Effects of three fluoroquinolones on QT interval in healthy adults after single doses
- PMID: 12709719
- DOI: 10.1016/s0009-9236(03)00009-2
Effects of three fluoroquinolones on QT interval in healthy adults after single doses
Abstract
Objective: A clinical trial was conducted in healthy adult volunteers to assess the effect of levofloxacin, moxifloxacin, and ciprofloxacin on the QT and QTc interval.
Methods: Electrocardiograms were recorded 24 hours before and after subjects took placebo, 1000 mg levofloxacin, 800 mg moxifloxacin, and 1500 mg ciprofloxacin in a double-blind, randomized, 4-period, 4-treatment, 4-sequence crossover trial. Changes in QT and QTc interval from baseline were assessed by several different methods.

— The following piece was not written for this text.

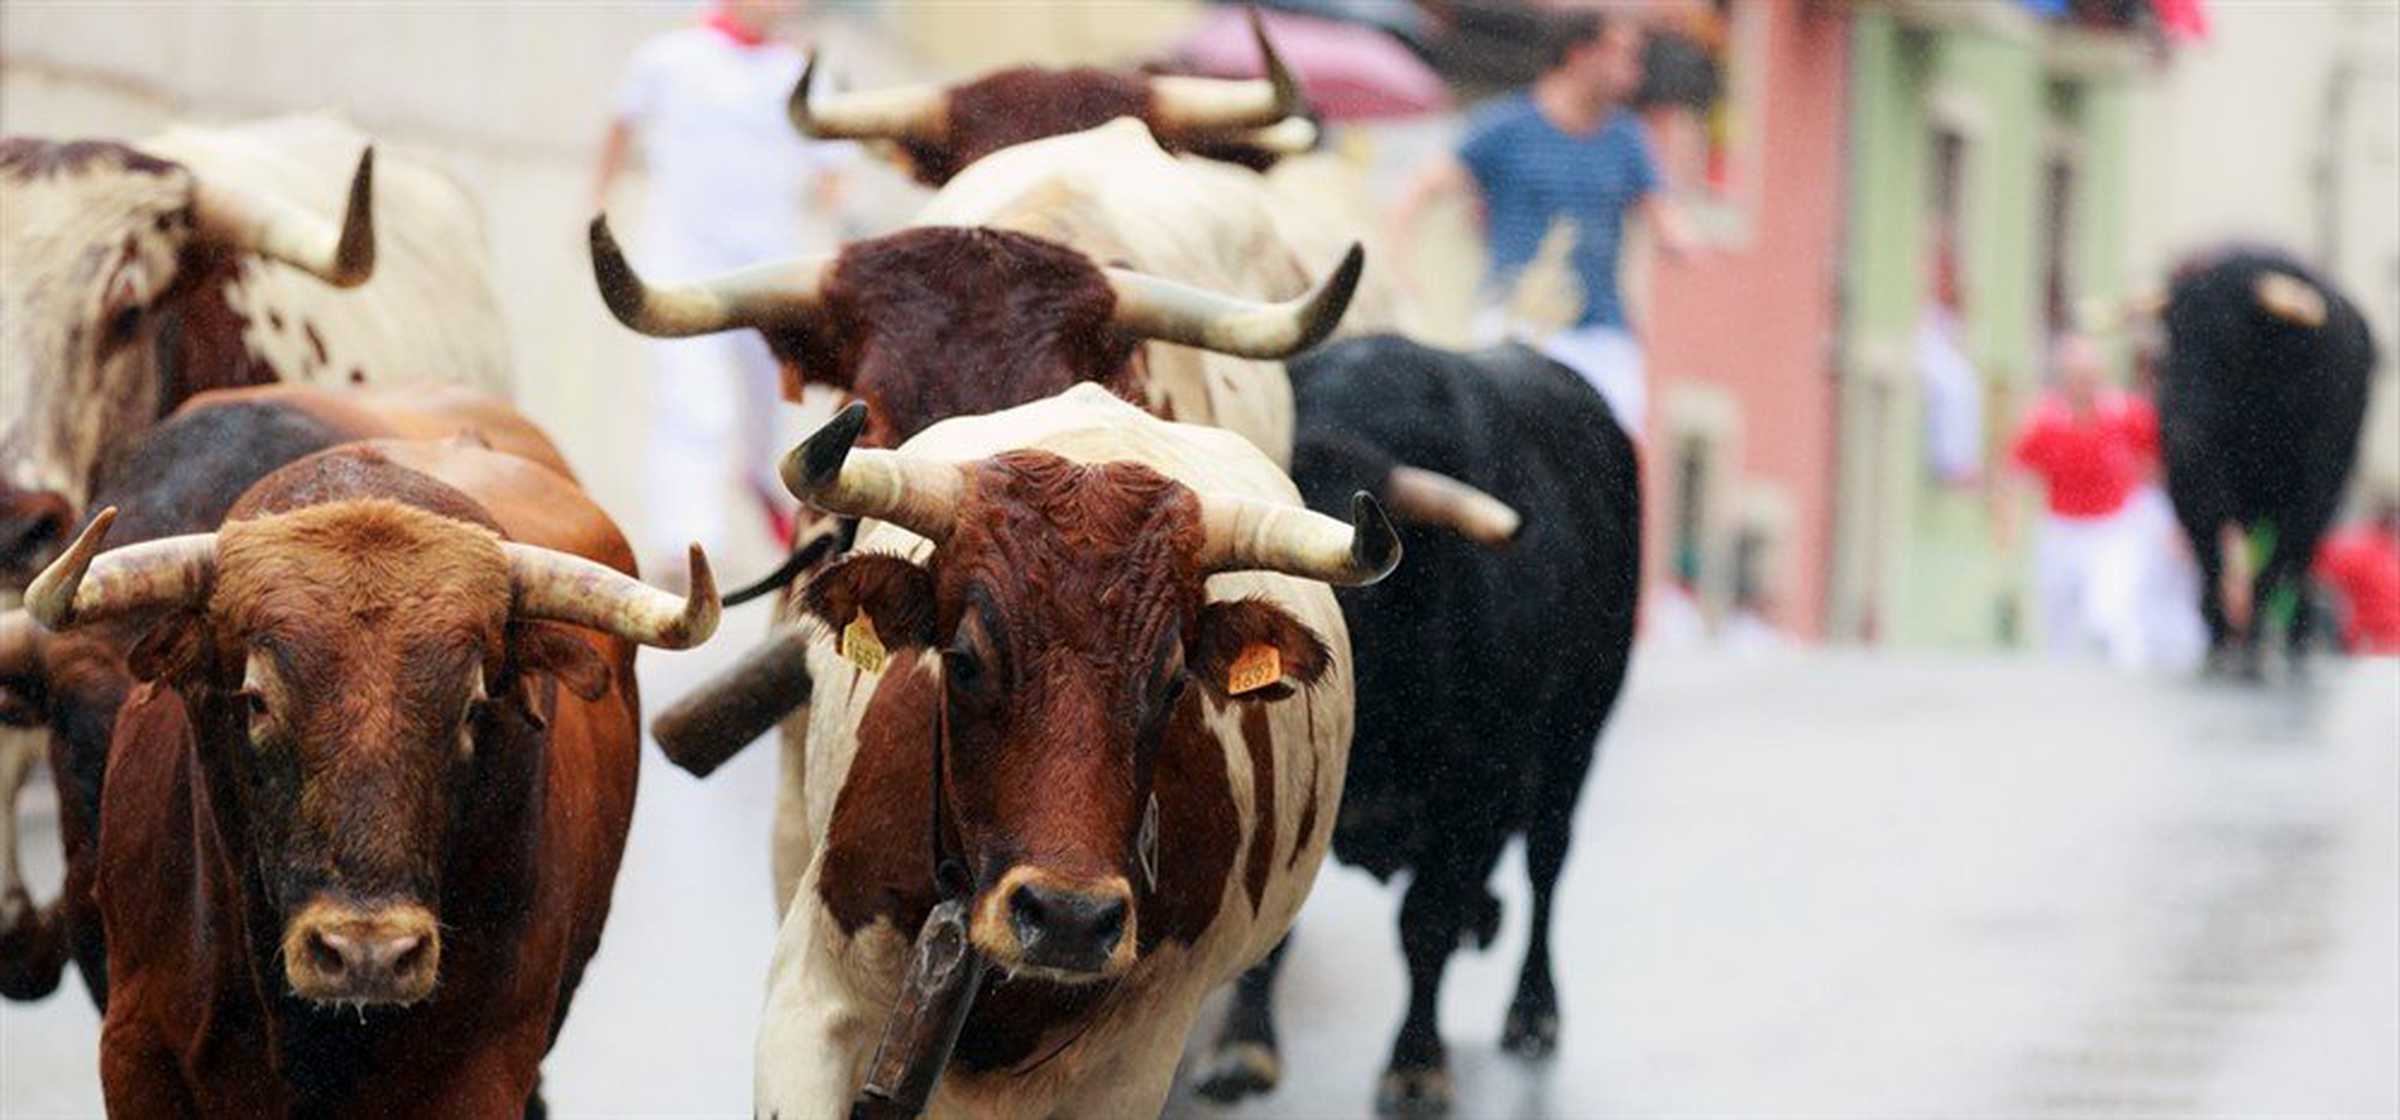 Bullrunning

Results: Increases in QT and QTc interval compared with placebo were consistently greater after moxifloxacin compared with either levofloxacin or ciprofloxacin. The mean postdose change from baseline QTc (Bazett) intervals for the 24-hour period after treatment with moxifloxacin ranged from 16.34 to 17.83 ms (P < .001, compared with placebo). For levofloxacin, this change ranged from 3.53 to 4.88 ms (P < .05, compared with placebo), and for ciprofloxacin, this change ranged from 2.27 to 4.93 ms (P < .05, compared with placebo, with the use of 3 of 5 baseline methods).
Conclusions: A change in QTc (Bazett) interval from baseline can be demonstrated safely in healthy volunteers after single high doses of fluoroquinolones that achieve approximately 1.5 times the maximum plasma drug concentration that occurs after recommended doses. There is substantial daily variation in both QT and QTc interval, and the magnitude and frequency of changes in QTc interval can depend on the methods used. These factors need to be considered because clinical trials measuring the effects of drugs on QT intervals are used to estimate the risk of using these drugs. Greater changes in QT and QTc intervals after treatment with moxifloxacin compared with levofloxacin or ciprofloxacin are consistent with in vitro observations related to the effect of these drugs on rapid potassium (IK(r)) channels. The clinical relevance of these differences is not known.